_Task data_
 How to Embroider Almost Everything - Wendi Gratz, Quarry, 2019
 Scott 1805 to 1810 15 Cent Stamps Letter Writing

---

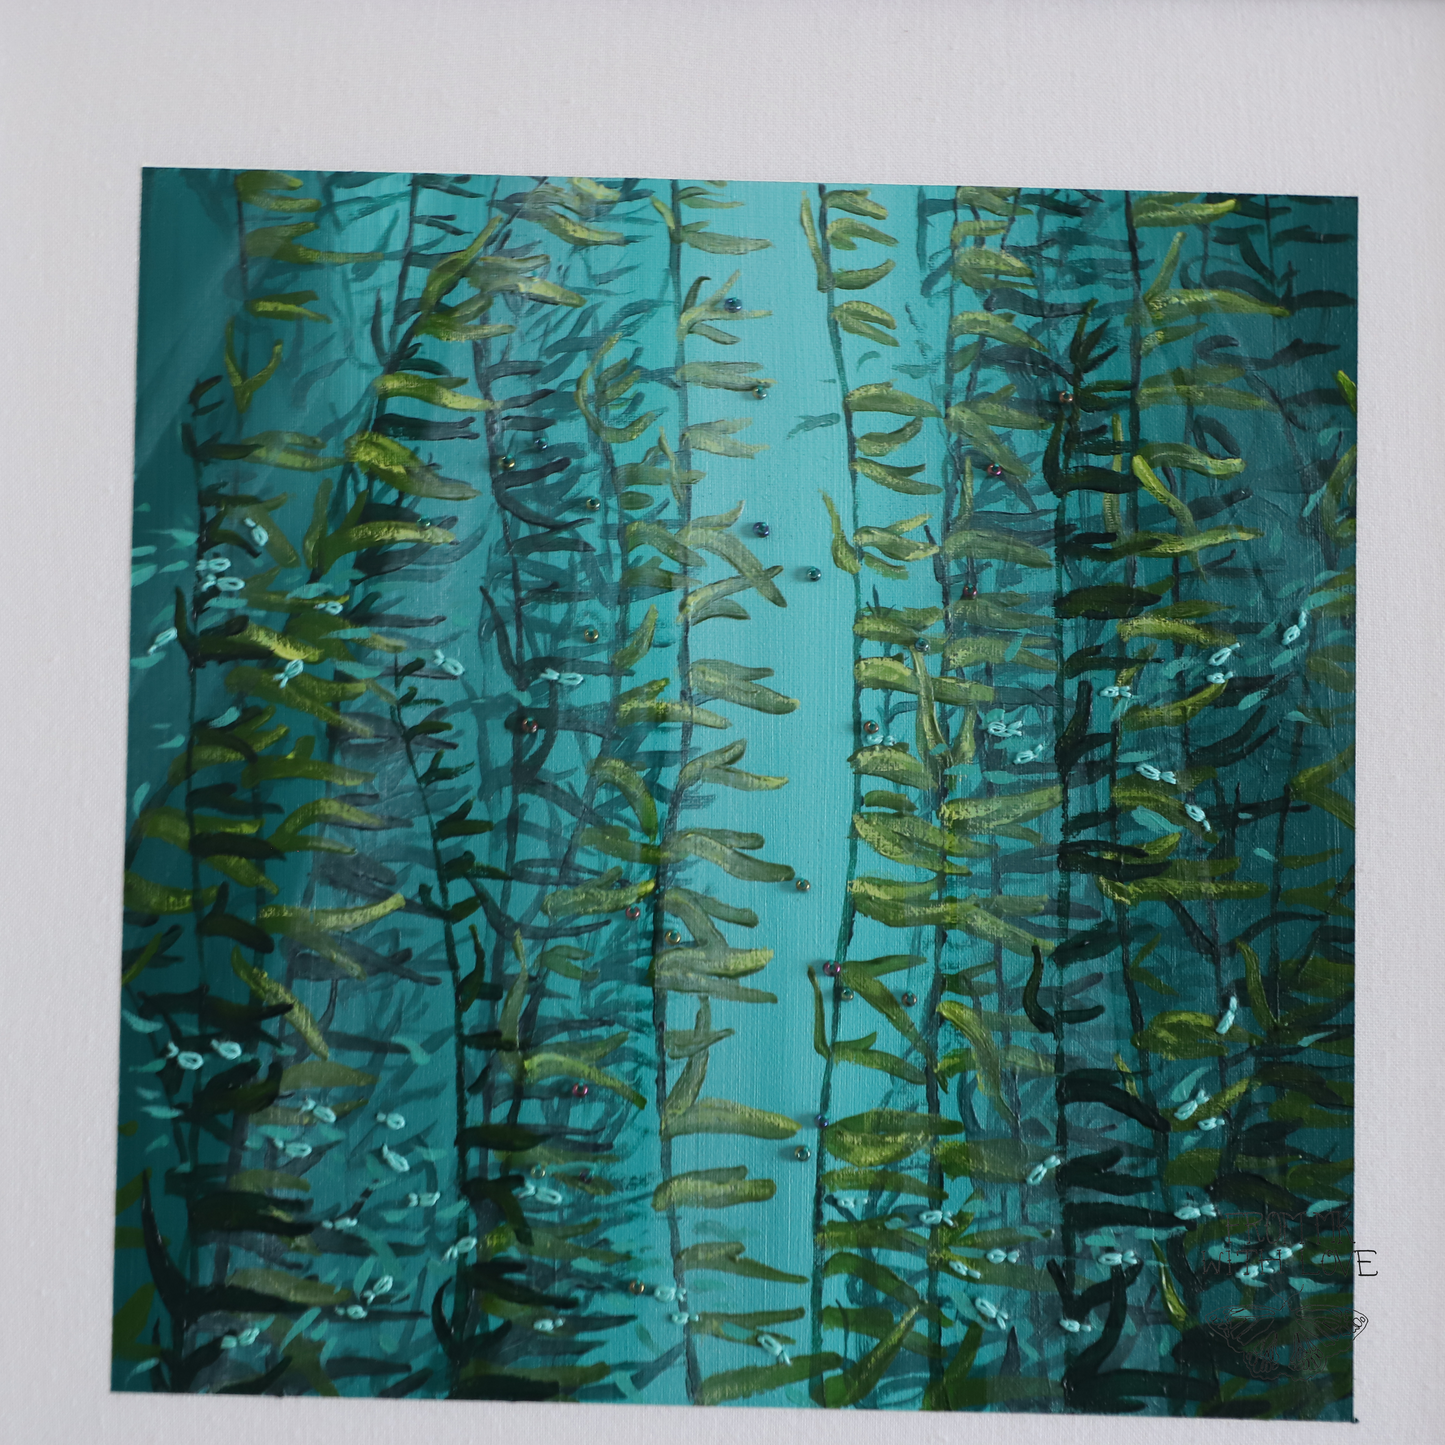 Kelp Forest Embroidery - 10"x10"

_Exercise instructions_
Write out only the lines that run from the line containing "How to Embroider" through the line containing "Scott 1805 to", both included, exactly as they appear above.

_Answer for this exercise_
 How to Embroider Almost Everything - Wendi Gratz, Quarry, 2019
 Scott 1805 to 1810 15 Cent Stamps Letter Writing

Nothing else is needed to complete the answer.